# Forum Home Renovation Tiling  grouting sandstone tiles

## AndrewPatrol

I have just tiled and external deck under verandah with ultra porous sandstone tiles and now wondering about grouting them. 
Can I flood surface of tiles with water to help cleaning grout off after doing joints? Only prob may be "thinning" of grout.
Or should we seal tiles with a sealer first then grout? 
Any Ideas please
I dont wish to spend Xmas cleaning them up. 
Andrew

----------


## cherub65

Seal tiles first.
Bondall do a limestone and sandstone sealer dries natural (test on spare tile first)
If its glued directly  on compressed make sure you use a flexible grout, and you should have expansion joints were sheet joins are.
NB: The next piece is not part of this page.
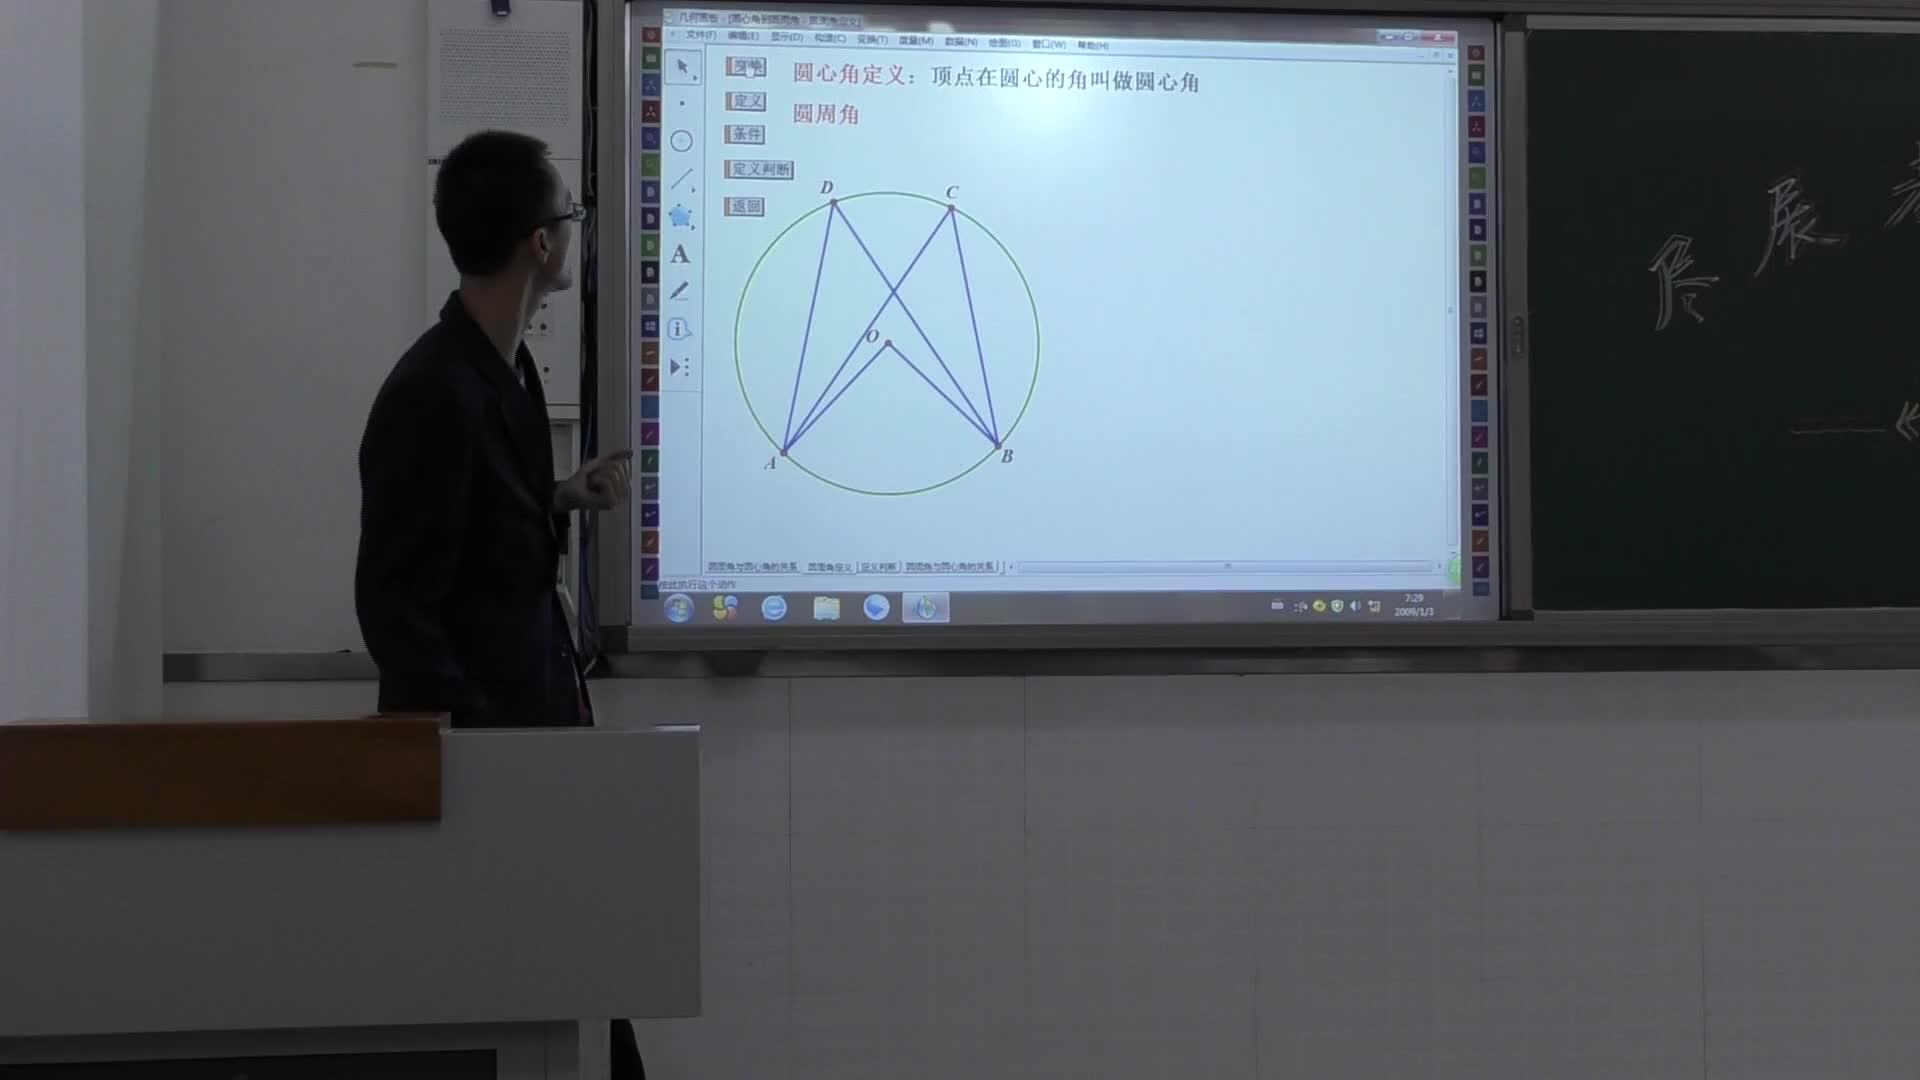 人教版 九年级数学上册 圆周角与圆心角的关系-视频说课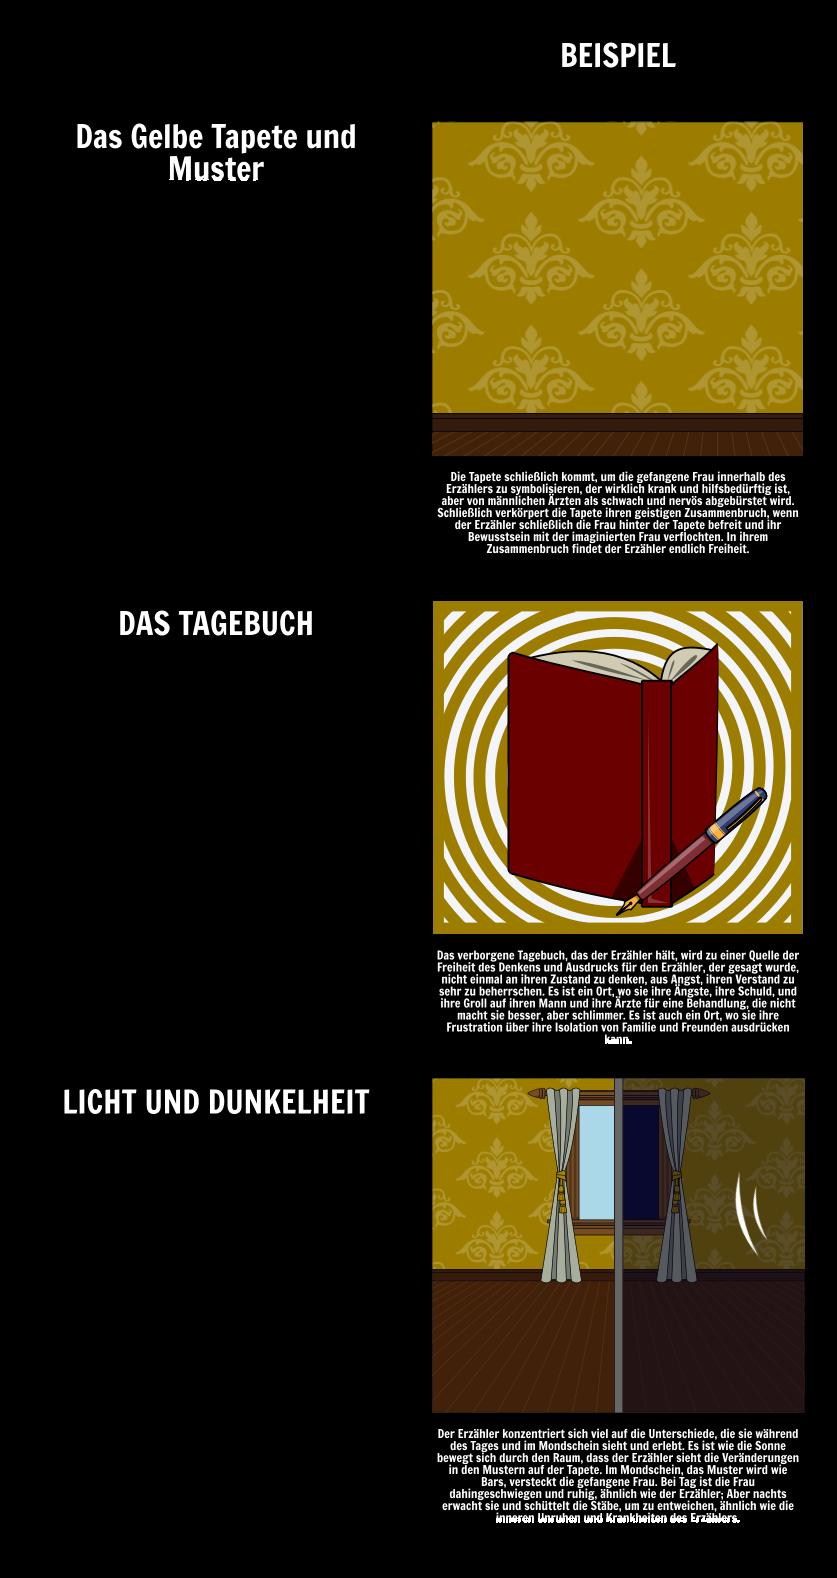 themen symbole und motive in die gelbe tapete. Black Bedroom Furniture Sets. Home Design Ideas

These should be silicone.

----------


## Tools

You can buy a gun do do the job and it looks like the big sausage guns for caulking. 
Tools

----------


## AndrewPatrol

So is that like a silicone gun and empty tube setup - if so do you know where to get them. I'm in melb.

----------


## Tools

> The gun tools is talking about  actually takes silicone sausages or glue, not mortar mixes. You could use silicone if you wish but a lot harder to do

    No they don't. All Iwas saying is that they look similar. Here is some links. Not exactly the type I had in mind but you get the idea. I think I have seen them at Bunnies or at David Mitchell's.   http://www.diamondway.com.au/images/..._gun_large.jpg Svenic Australia - Application Equipment - Other Guns and Dispensers Point Master Repointing gun available from Thor Helical Australia  
Tools

----------


## cherub65

Sorry dude i deleted post straight after posting as i saw one cheers :Blush7:

----------


## AndrewPatrol

bought one of those svenik (?) guns today and cant wait to give it a whirl. Looks the business. Nice fella to deal with at Diamond Way.

----------